Clinical definition of sarcopenia is also ill-defined. Various measurement modalities have been applied to diagnosing sarcopenia, ranging from functional examination of patient mobility via whole body performance to radiographic analysis of representative muscles.12,17 These efforts have evolved over time, and several modifiable characteristics have been identified to improve perioperative outcomes in ASD correction. 12
Large financial incentives exist for sarcopenia management. 10%-16% of elderly people are affected by general sarcopenia globally, with even greater prevalence among diabetic patients. 18 The total annual cost of hospitalization in the United States in 2014 was $40.4 billion for patients with sarcopenia. 19 The average cost per person was $260, with greatest burden for Hispanic women ($548/person) and elderly patients (>65 years; $375/person). 19 A nearly 2-fold greater odds of hospitalization was found for individuals with sarcopenia with an average 0.18 more hospital stays, costing an additional $2316. 19 Greater understanding of sarcopenia may serve to alleviate not only the total societal financial burden of treating sarcopenic patients, but also the financial discrepancies between different racial and age groups.
In 2023, the Scoliosis Research Society (SRS) developed a senescence task force to evaluate the current knowledge of sarcopenia: tools of assessment, potential avenues of treatment, and how sarcopenia may contribute to ASD complications. In response, we discuss the variability between sarcopenia and surgical outcomes for ASD, propose methods to assess global and spine-specific sarcopenia assessment, provide recommendations for optimization of ASD patients with sarcopenia undergoing surgery, and opine about the future of spine-specific sarcopenia.
Screening, Diagnosis and Quantification
EWGSOP2 Definition of Sarcopenia: Table Reproduced From Cruz-Jentoft et al 2018 With Permission 17
Fulfillment of criterion 1 suggests probable sarcopenia; additional fulfillment of criterion 2 suggests confirmed sarcopenia, and fulfillment of all 3 criteria suggests severe sarcopenia.
Abbreviations: HGS, hand-grip strength; CSA, cross-sectional area; MRI, magnetic resonance imaging; CT, computed tomography; DEXA, dual-energy X-ray absorptiometry; BIA, bioelectrical impedance analysis; SPPB, short physical performance battery; TUG, timed up-and-go.
Muscle Strength
Measured via hand grip strength (HGS) or the “chair stand test.”12,17,21-23 HGS is measured with a calibrated dynamometer, while the “chair stand test” measures the time required for a patient to stand five times from a seated position without use of their arms.
Muscle Mass (Normalized for BMI)
Reported as total skeletal muscle mass, appendicular muscle mass, or as a cross-sectional area of relevant muscle groups.
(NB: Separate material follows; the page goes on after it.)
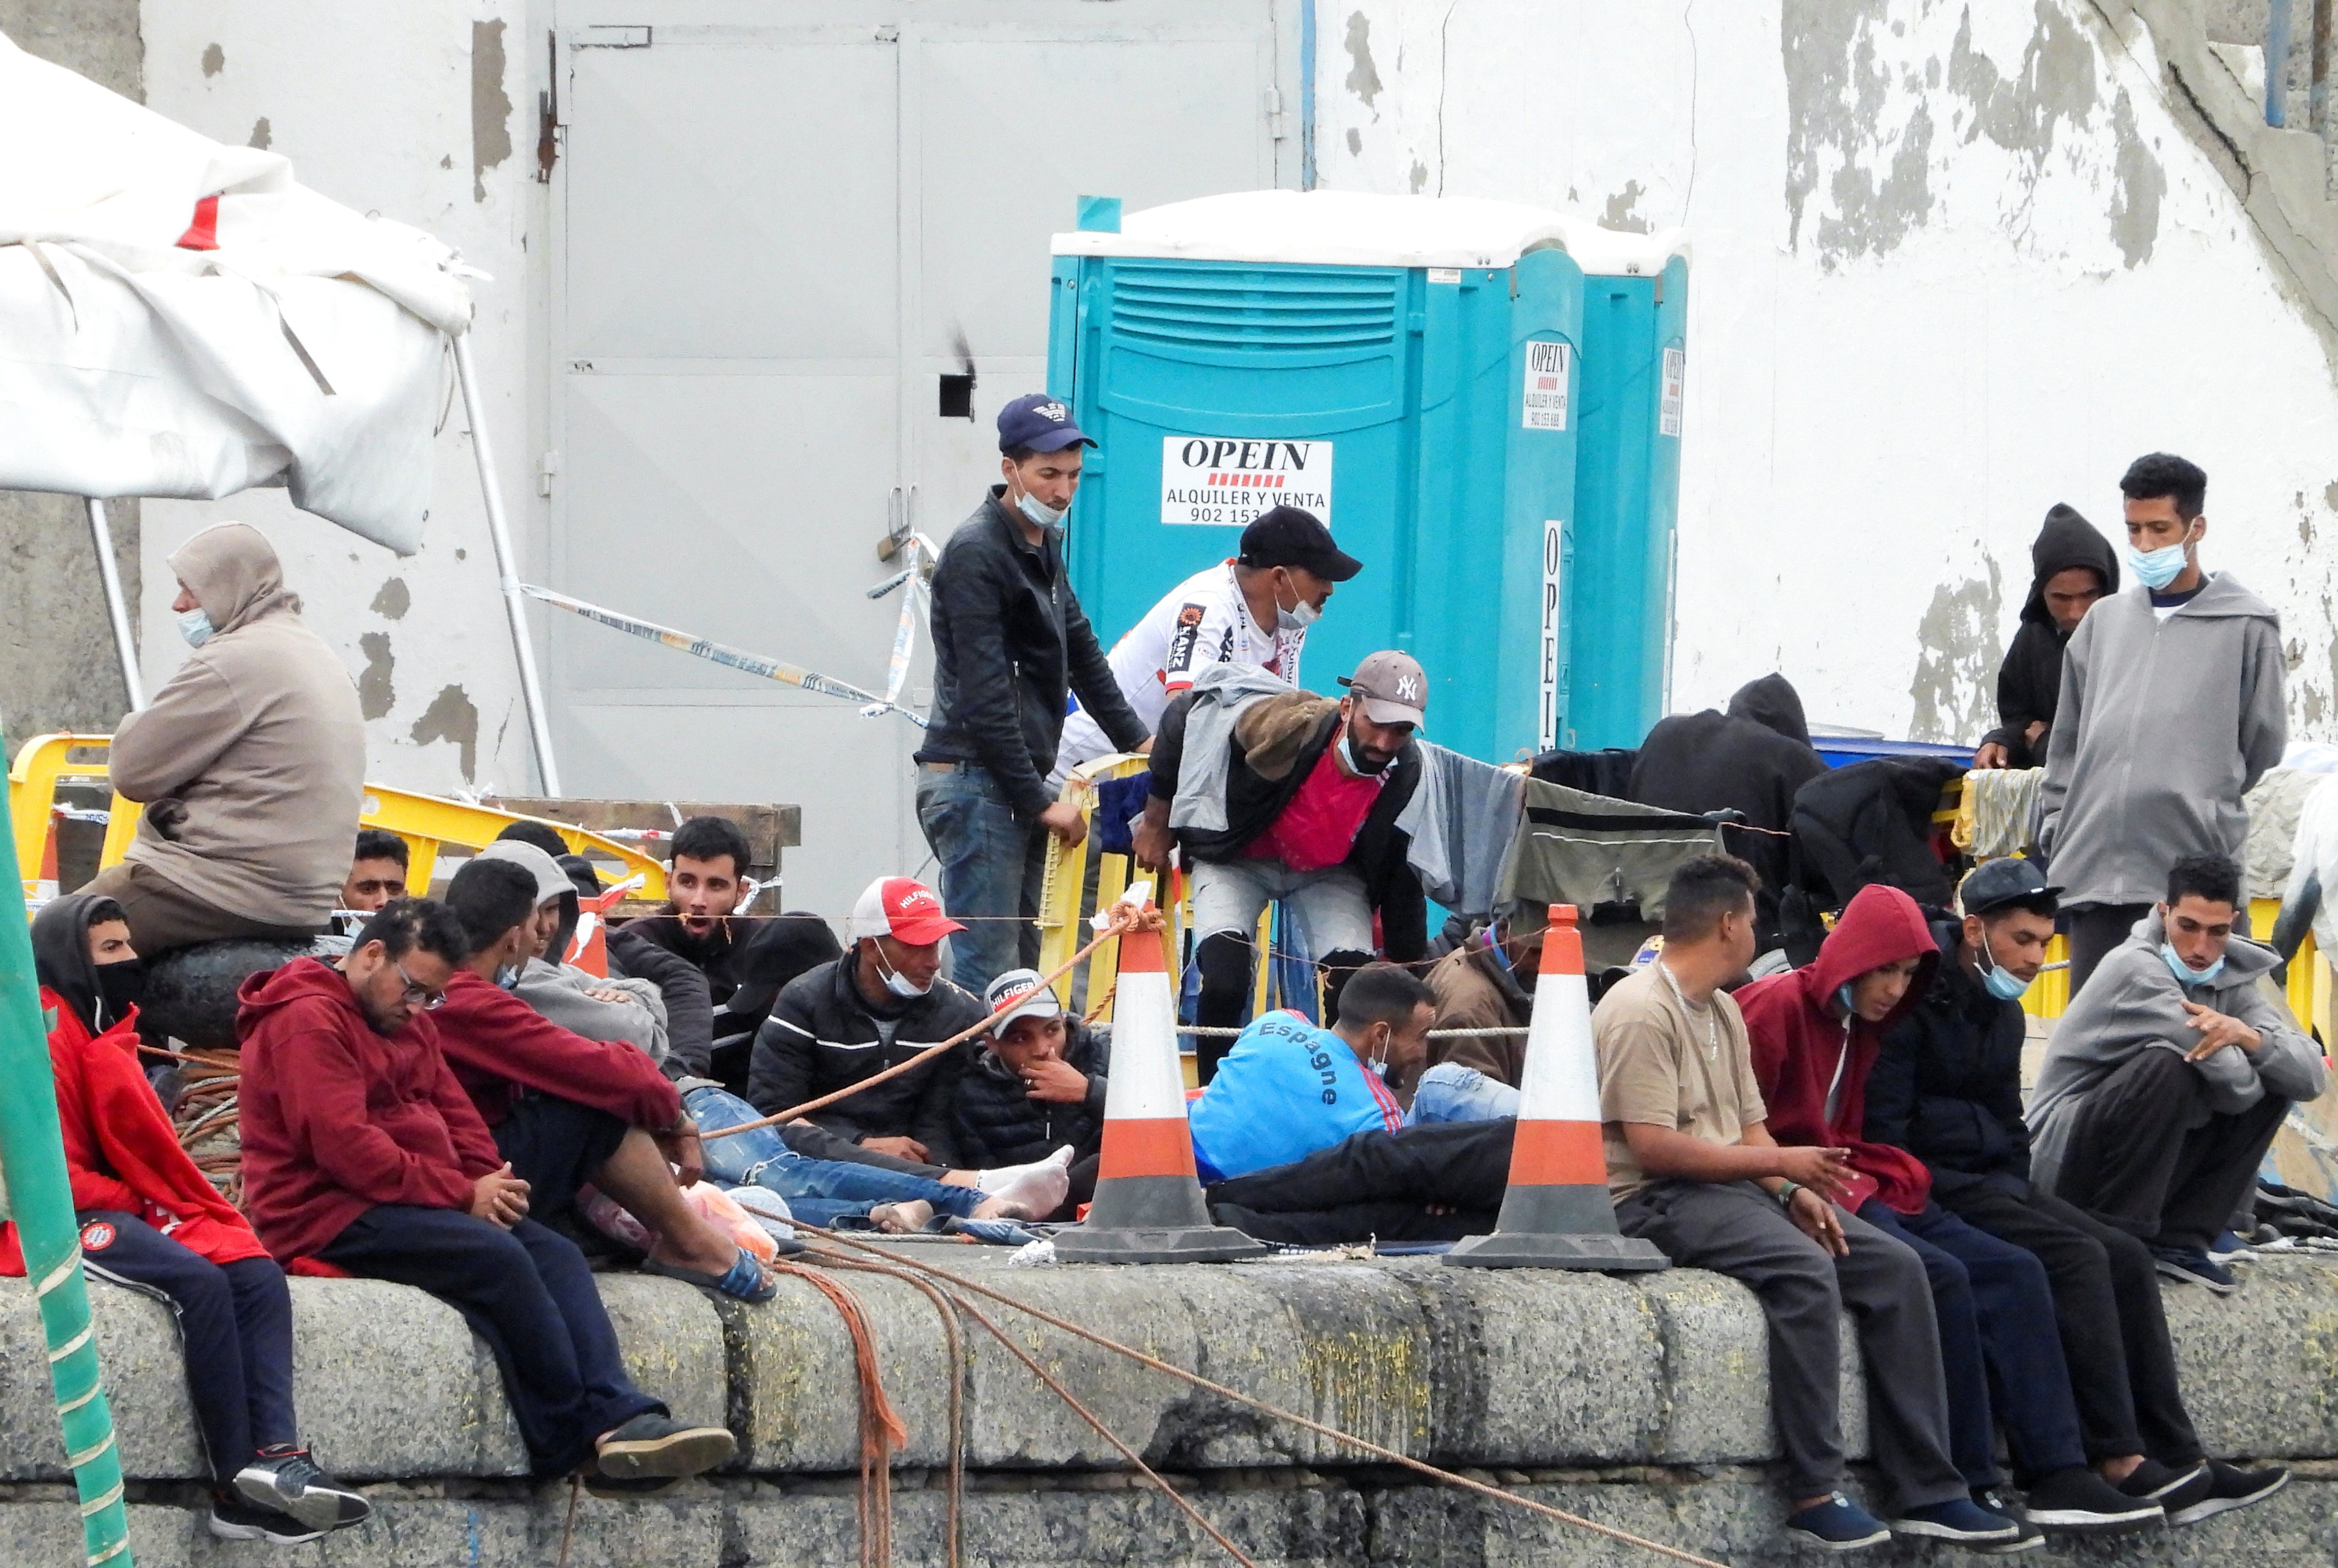 La UE donarà urgentment 43 milions a Espanya pels migrants arribats a Canàries

These values are measured primarily by MRI or CT but can also be reported from dual-energy X-ray absorptiometry (DEXA) or Bioelectrical Impedance Analysis (BIA) with various frequency settings/calculations (SF, MF, BIASergi).12,17,24,25
Physical Performance
Assessed by a series of timed tests measuring the completion of standardized tasks, including gait speed, the Short Physical Performance Battery (SPPB), and the Timed Up-and-Go test (TUG).12,17,26,27 Gait speed is recorded as with ambulation of 4 meters. Alternatively, the SPPB accounts for a combination of gait speed, balance, and chair stand. The TUG test measures a similar combination of activities, including rising from a chair, walking 3 meters to a defined object, returning to the chair, and returning to a seated position. Conveniently, each of these performance tests may be readily performed in most clinical settings.
Rate of Low (Positive) Criteria for Sarcopenia, and Sensitivity/Specificity Among the Same Cohort of 503 Colorectal Cancer Patients by Different Measurement Modalities as Reported by Berg et al, 2024 25
Abbreviations: HGS, hand-grip strength; CT, computed tomography; DEXA, dual-energy X-ray absorptiometry; BIA, bioelectrical impedance analysis; SF, single frequency; MF, multifrequency.
aDEXA used as reference standard for sensivity and specificity calculations.
bHGS data used with DEXA measurements for confirmed sarcopenia diagnosis calculation.
cChair-Stand data used with MF-BIA measurements for confirmed sarcopenia diagnosis calculation.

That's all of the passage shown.